• Work request
Exactly as written, retype the listing below, omitting the pictures.

• Dataset section

____________

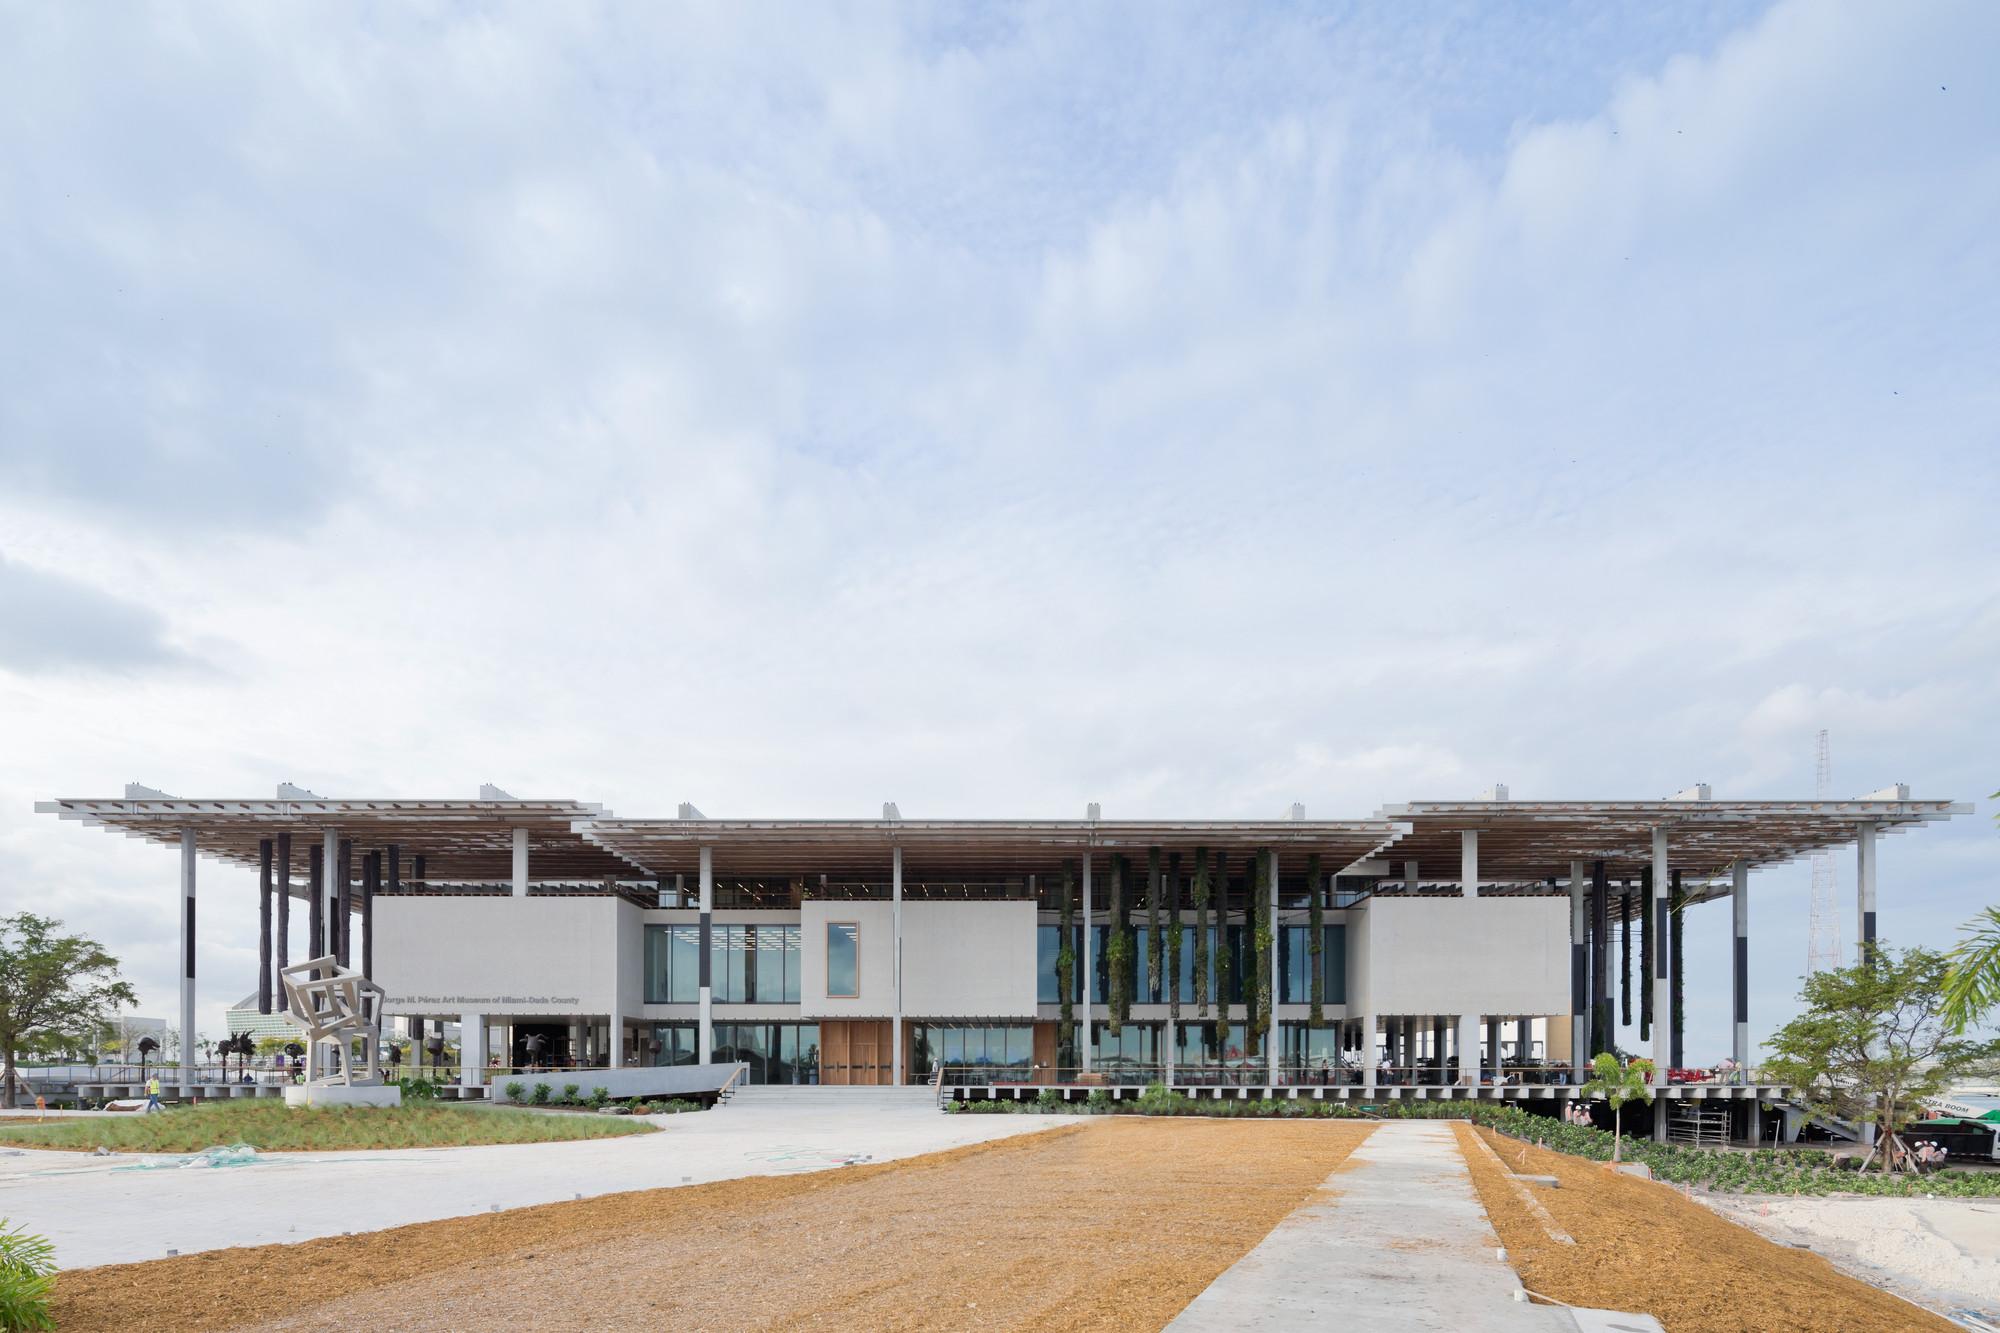 Perez art museum herzog de meuron archdaily for Arquitectura materias
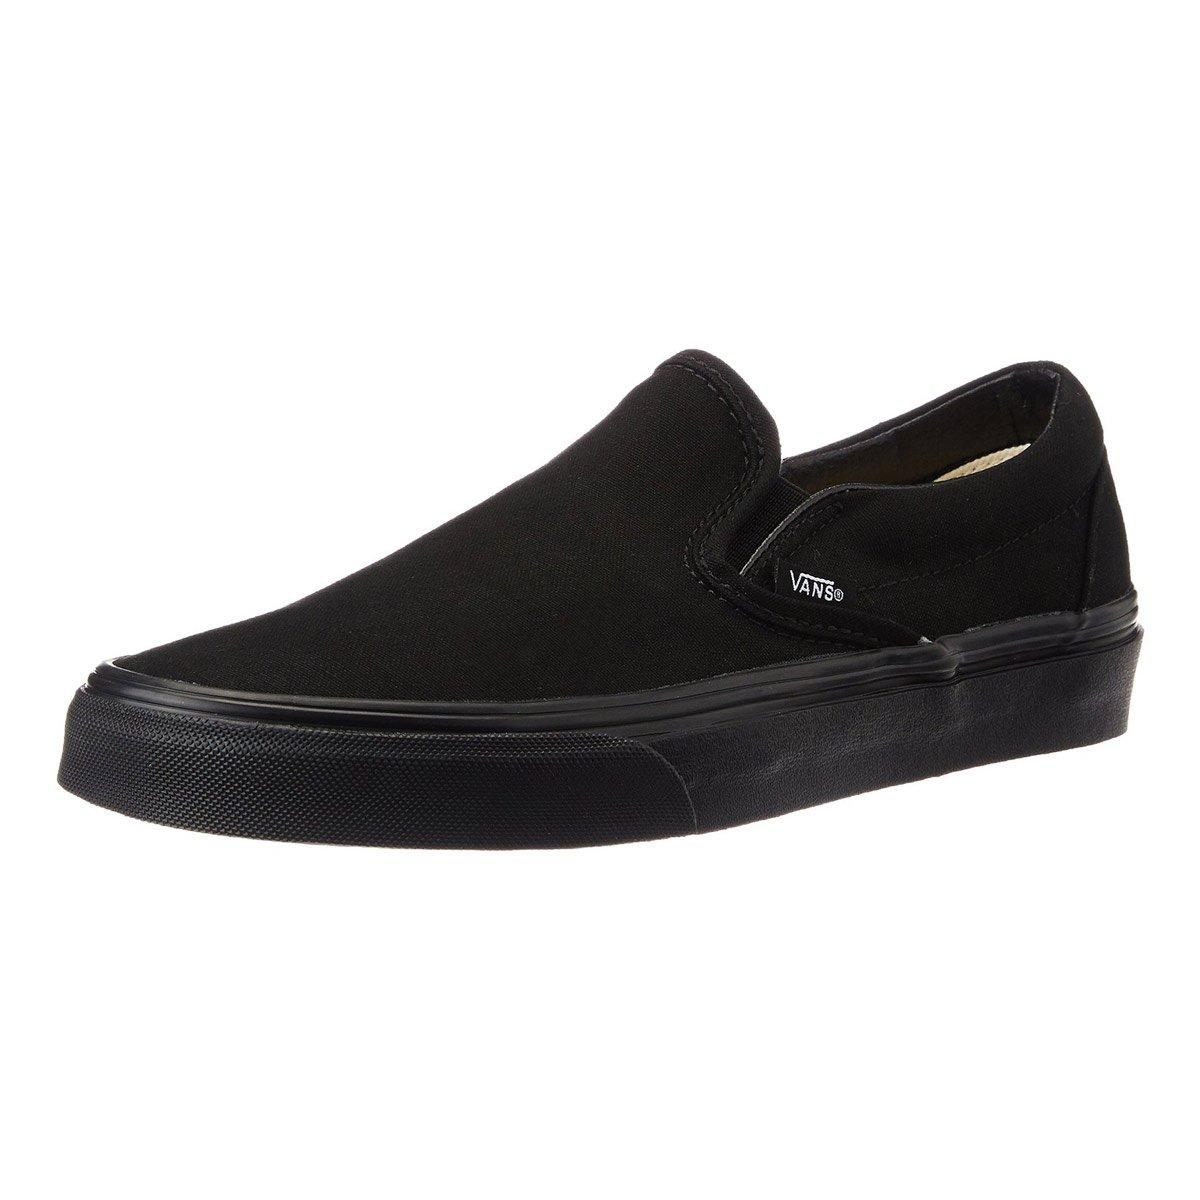 325137c25791 Amazon.com  Vans Unisex Classic Slip-On Black Black VN000EYEBKA  Shoes
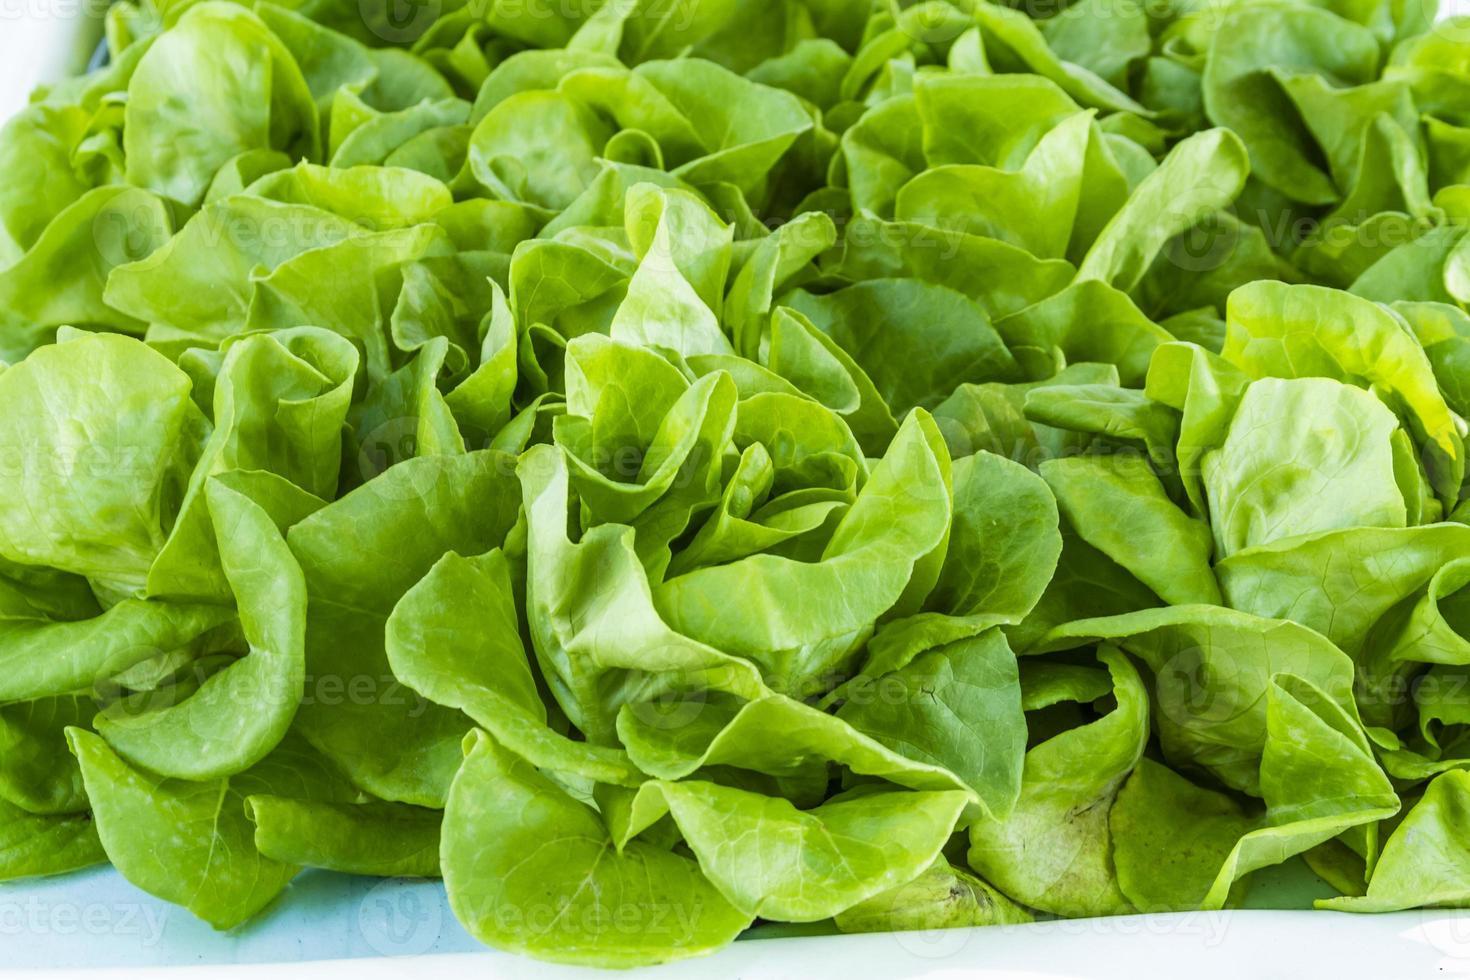 frisches Bio-Obst und Gemüse auf dem Bauernmarkt foto
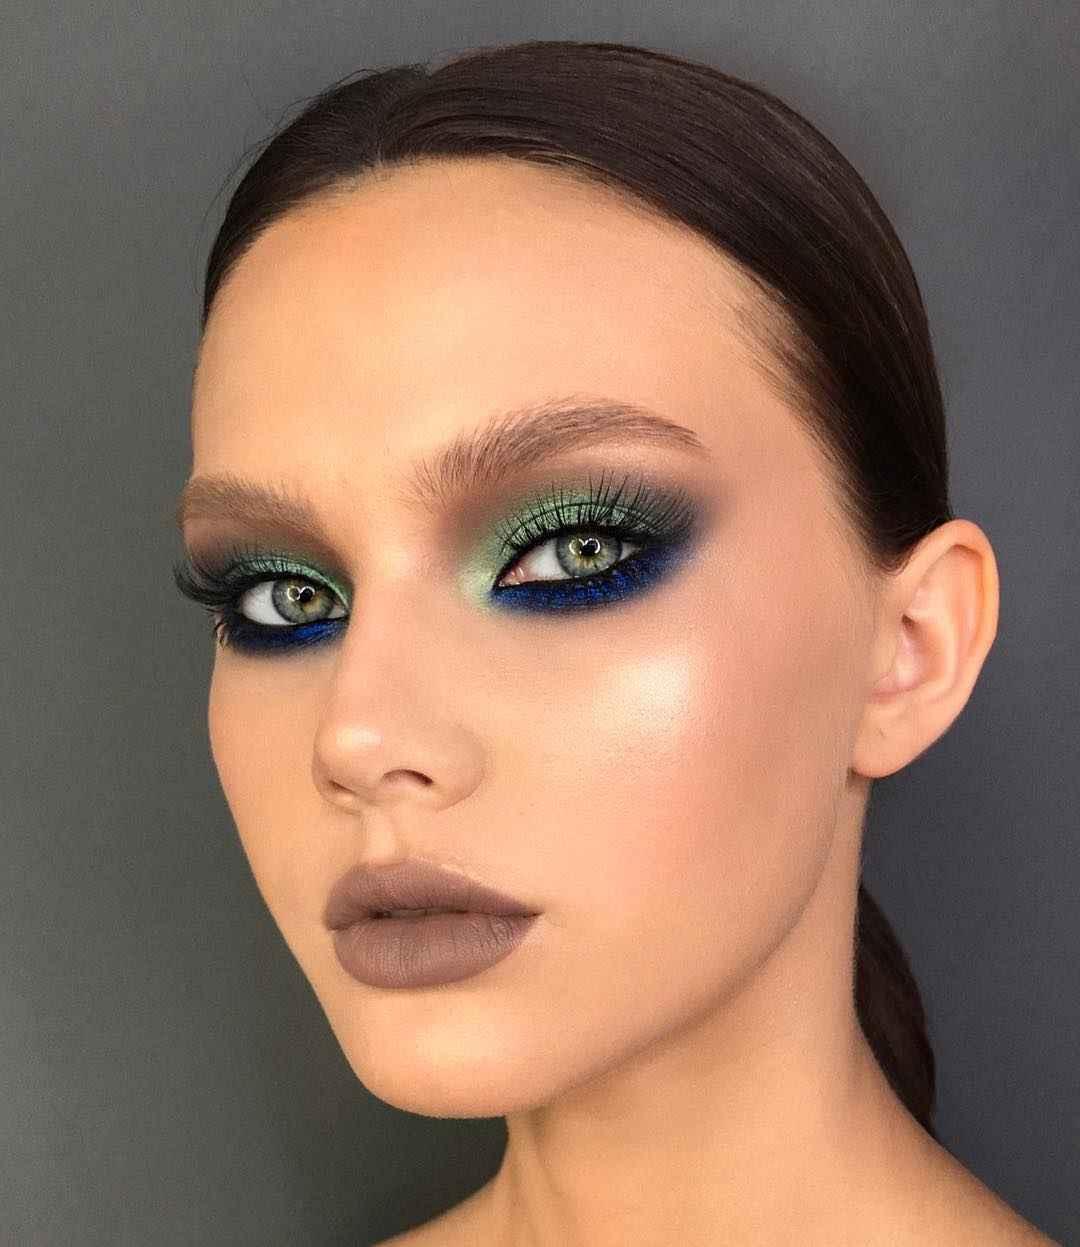 Макияж под зеленые глаза и темные волосы_7

____________

• Answer area
 Perez art museum herzog de meuron archdaily for Arquitectura materias
 325137c25791 Amazon.com  Vans Unisex Classic Slip-On Black Black VN000EYEBKA  Shoes
 frisches Bio-Obst und Gemüse auf dem Bauernmarkt foto
 Макияж под зеленые глаза и темные волосы_7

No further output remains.